Così dice il maggior fornitore di aforismi e frasi a effetto del web. Albert Einstein.

Come ha ragione.

Abdichiamo ad esprimerci su temi cruciali; per esempio che cosa è classificabile come vita ce lo devono dire gli esperti. E per questo ci troviamo in un ‘epoca che va cianciando di qualità della vita, di vite degne di essere vissute, di diritto a morire, di danni inflitti a persone Down perché non le abbiamo abortite.

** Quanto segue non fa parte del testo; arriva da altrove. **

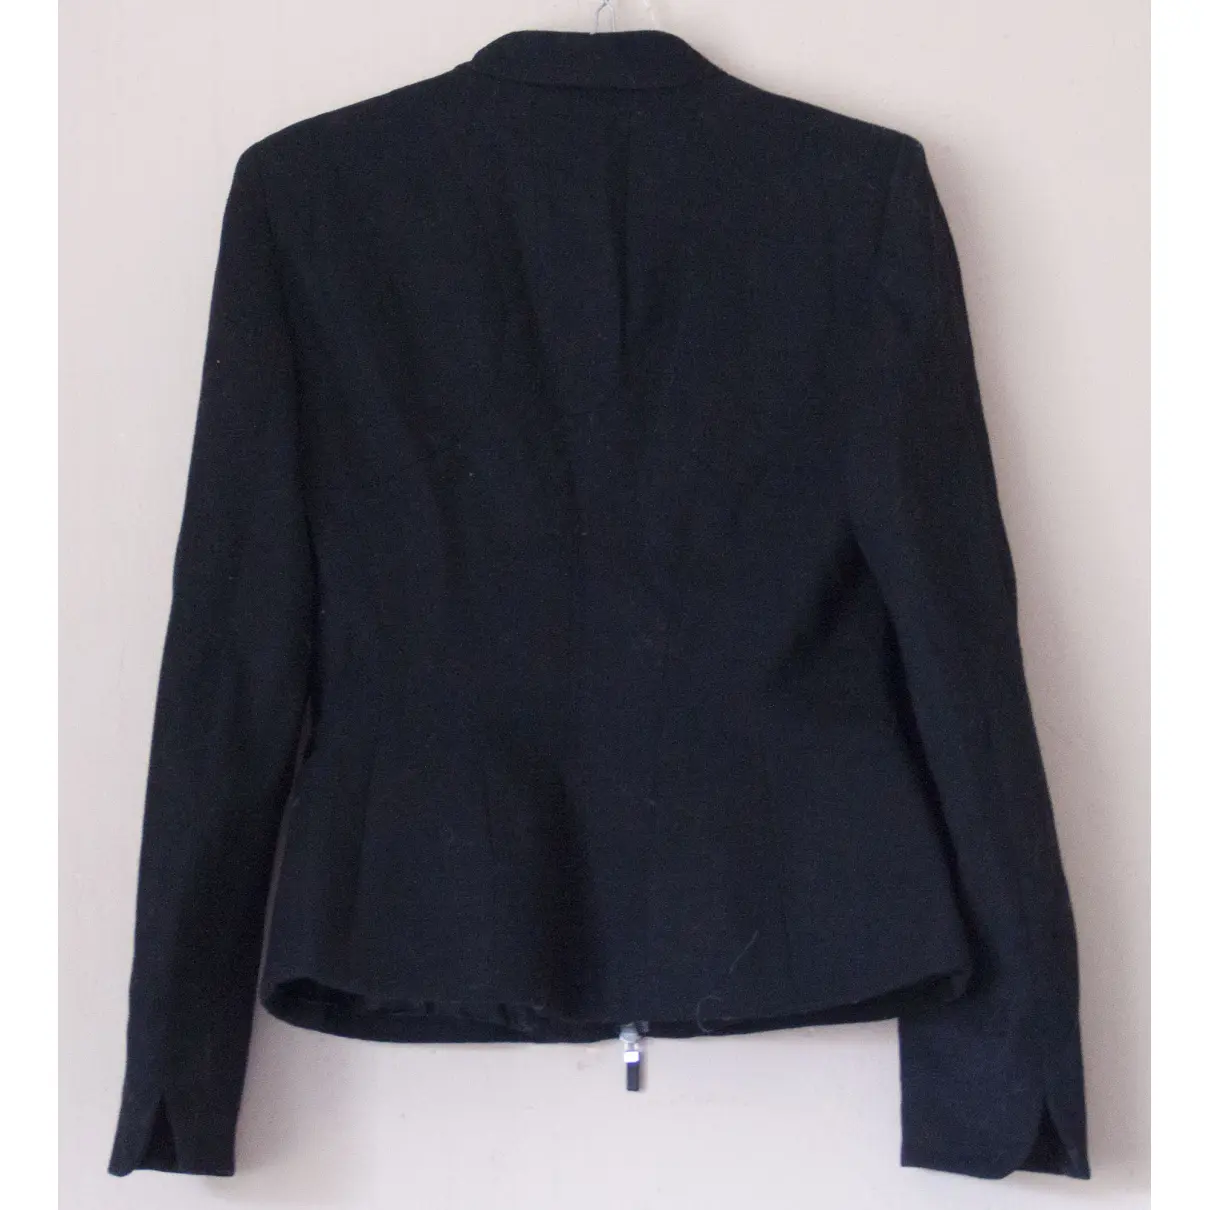 Buy Alexander McQueen Wool jacket online - Vintage

Ci troviamo abbastanza facilmente riforniti di conoscenze scientifiche o pseudo tali , soprattutto mediche e tecniche e vagheggiamo di applicarle alle nostre e altrui vite. Molti non solo vagheggiano ma per la presenza di persone e leggi scellerate possono persino applicarle. Tutto presentato come azione orientata al bene della persona. Ma né bene, né persona hanno più il significato che devono avere. La definizione di bene è un involucro linguistico che ormai significa altro. Significa funzionale o peggio funzionante. E la persona è un animale evoluto, particolarmente dotato dal punto di vista cognitivo. Se è così, ed è così ahinoi, nelle nostre società che mi sembrano impazzite, il vero motore delle nostre azioni diventa la ricerca del massimo piacere e la fuga del dolore. Il verbo sovrano è usare. Che si estende a tutto. Uso le persone, tutte, a partire da me come mezzo di piacere. È una premessa larga, di considerazioni generali ma poi vedo storie vere  che si spiegano solo come pieces teatrali sul palcoscenico che questo tipo di pensiero ha generato. Ho letto su avvenire una storia. Un breve spaventoso estratto di una storia che è sicuramente più profonda e ricca.

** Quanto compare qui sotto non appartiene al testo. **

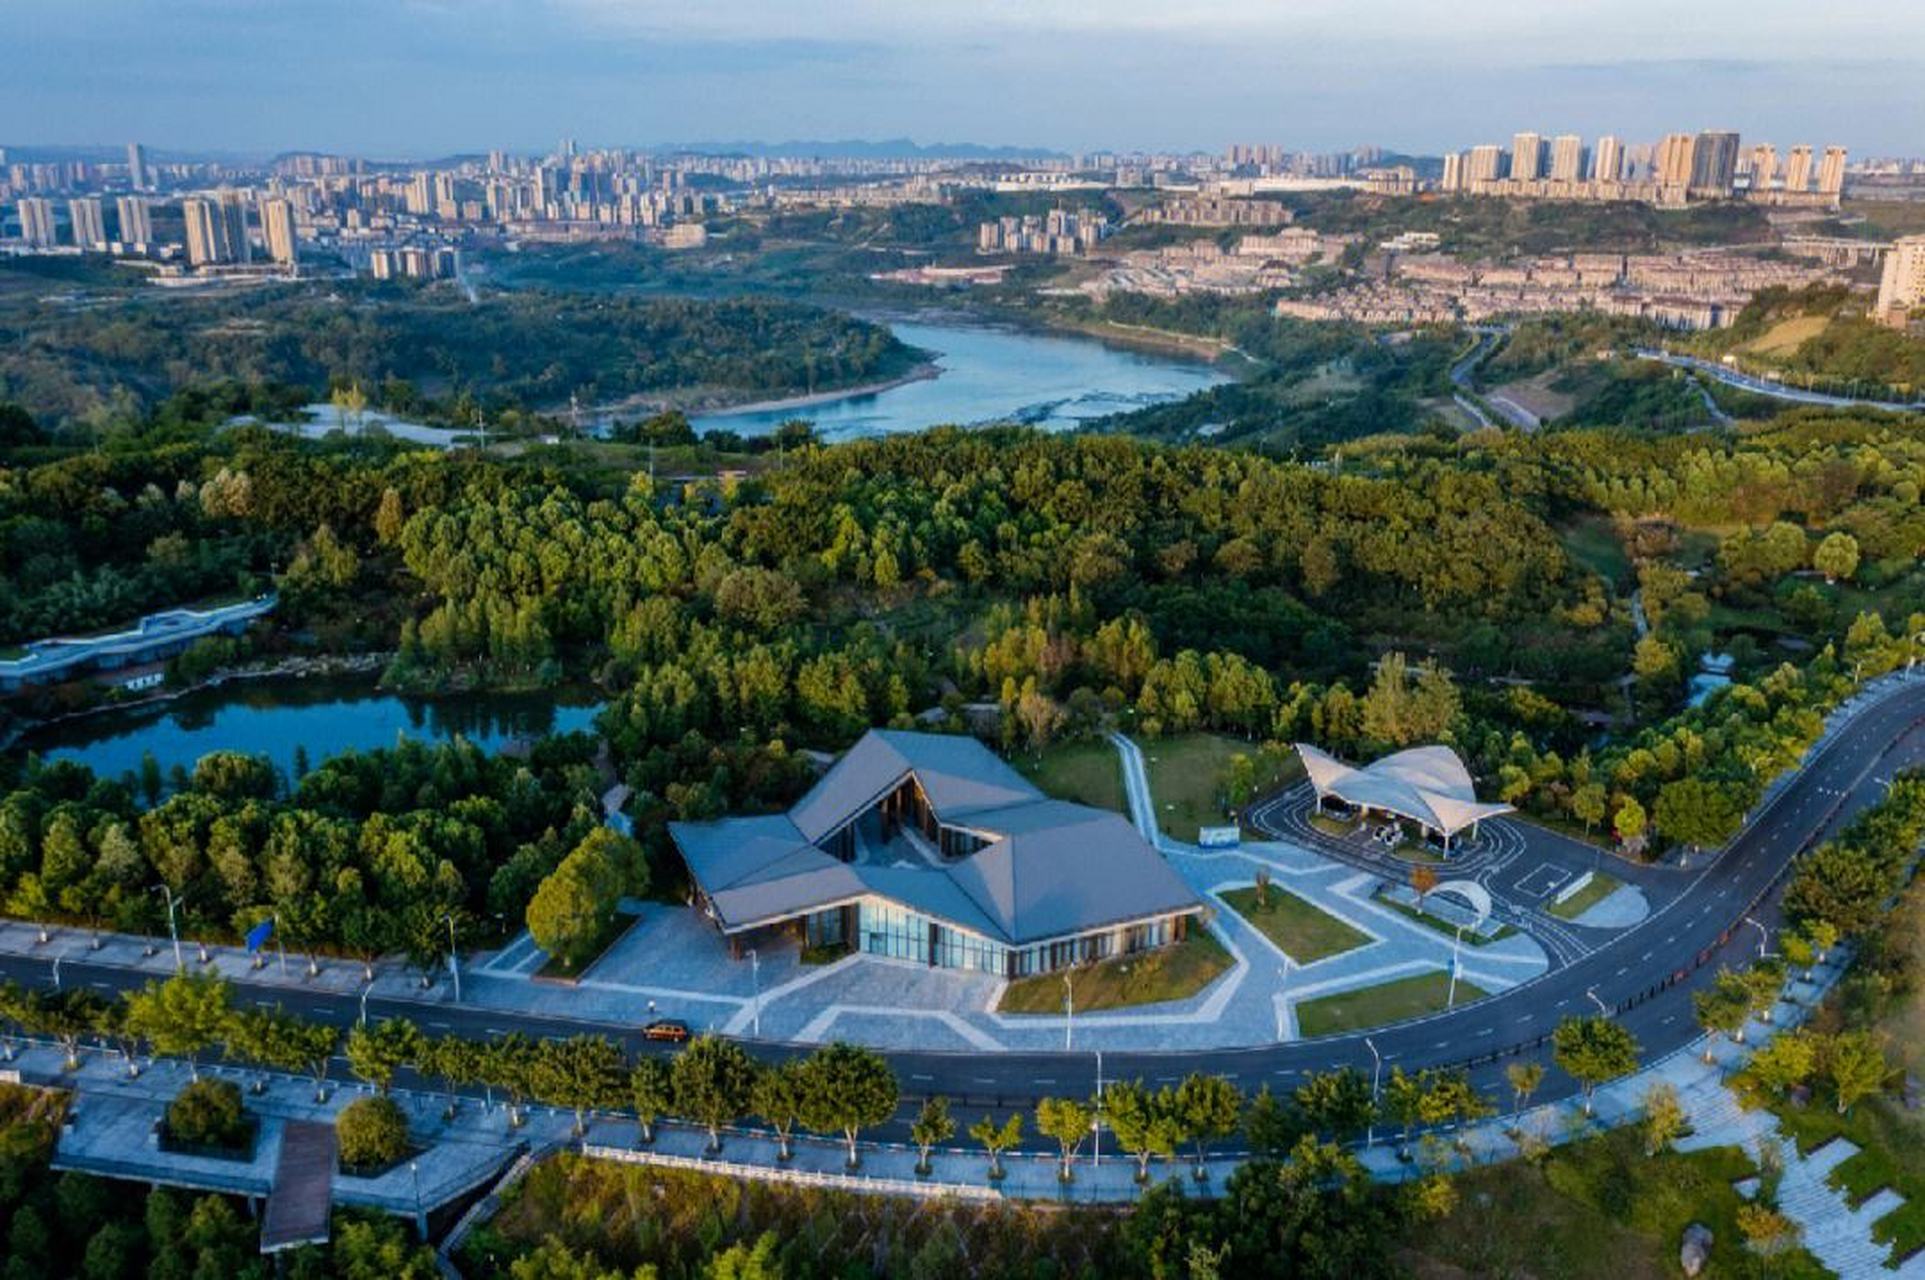 重庆礼嘉智慧公园:占地约3平方公里,拥有智能体验馆,生态体验馆,亲子

(Da Avvenire.it, Elisabetta Del Soldato, 7 gennaio 2016)

«Charley non può parlare o camminare, è cieca e incapace di controllare i movimenti del corpo. I genitori, Jenn e Mark, riescono a capirla solo dai gemiti e dagli spasmi muscolari del viso e il loro timore è sempre stato che una volta cresciuta Charley avrebbe “sofferto in un corpo troppo grande per lei”, che sarebbe finita a letto per sempre con elevate difficoltà di assistenza.

La prima volta che la coppia ha sentito parlare di “arresto della crescita” era il 2006 quando una rivista medica statunitense ha pubblicato la storia di Ashley, una bambina con gravi disabilità di Seattle sottoposta a un intervento chirurgico e farmacologico per fermarne la crescita. Aveva nove anni e la capacità cognitiva di una neonata di tre mesi. “Quando sentimmo di Ashley – hanno detto recentemente alla stampa i coniugi Hooper – ci tornò la speranza. Se Charley fosse rimasta piccola la vita sarebbe stata molto più facile per lei, avremmo potuto continuare a portarla fuori e non avrebbe rischiato di finire presto confinata in un letto”. »

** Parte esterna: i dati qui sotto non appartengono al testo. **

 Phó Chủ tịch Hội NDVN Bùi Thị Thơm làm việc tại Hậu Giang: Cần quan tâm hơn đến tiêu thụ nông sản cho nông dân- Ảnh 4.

Alla fine ce l’hanno fatta, nonostante il divieto della commissione etica del parlamento neozelandese. Si sono rivolti altrove.

Non giudico i cuori, ma i fatti, quelli che vedo sì.

Anche io ho un figlio con importanti lesioni cerebrali ed altrettanto importanti menomazioni fisiche e psichiche. Tremo per il suo futuro. Anche solo pensarlo in una scuola dove qualcuno rimandi troppo l’incombenza di cambiarlo mi strappa le viscere. Ho paura, se vado un po’ avanti con la mia  immaginazione che so essere fervida. Allora vado ancora più avanti. Fino all’eterno. Io lo sento l’eterno in agguato dietro l’istante. So che la nostra speranza è certa. So che Dio abita qua. So che mio figlio è voluto continuamente da Dio un istante dietro l’altro. Fino a quando e come non lo so. Non mi serve nemmeno il saperlo. Sarebbe anche potuto essere brutto e deforme invece è bellissimo e dolce e si esprime a modo suo con noi e noi a modo nostro con lui e a vederci siamo deliziosi.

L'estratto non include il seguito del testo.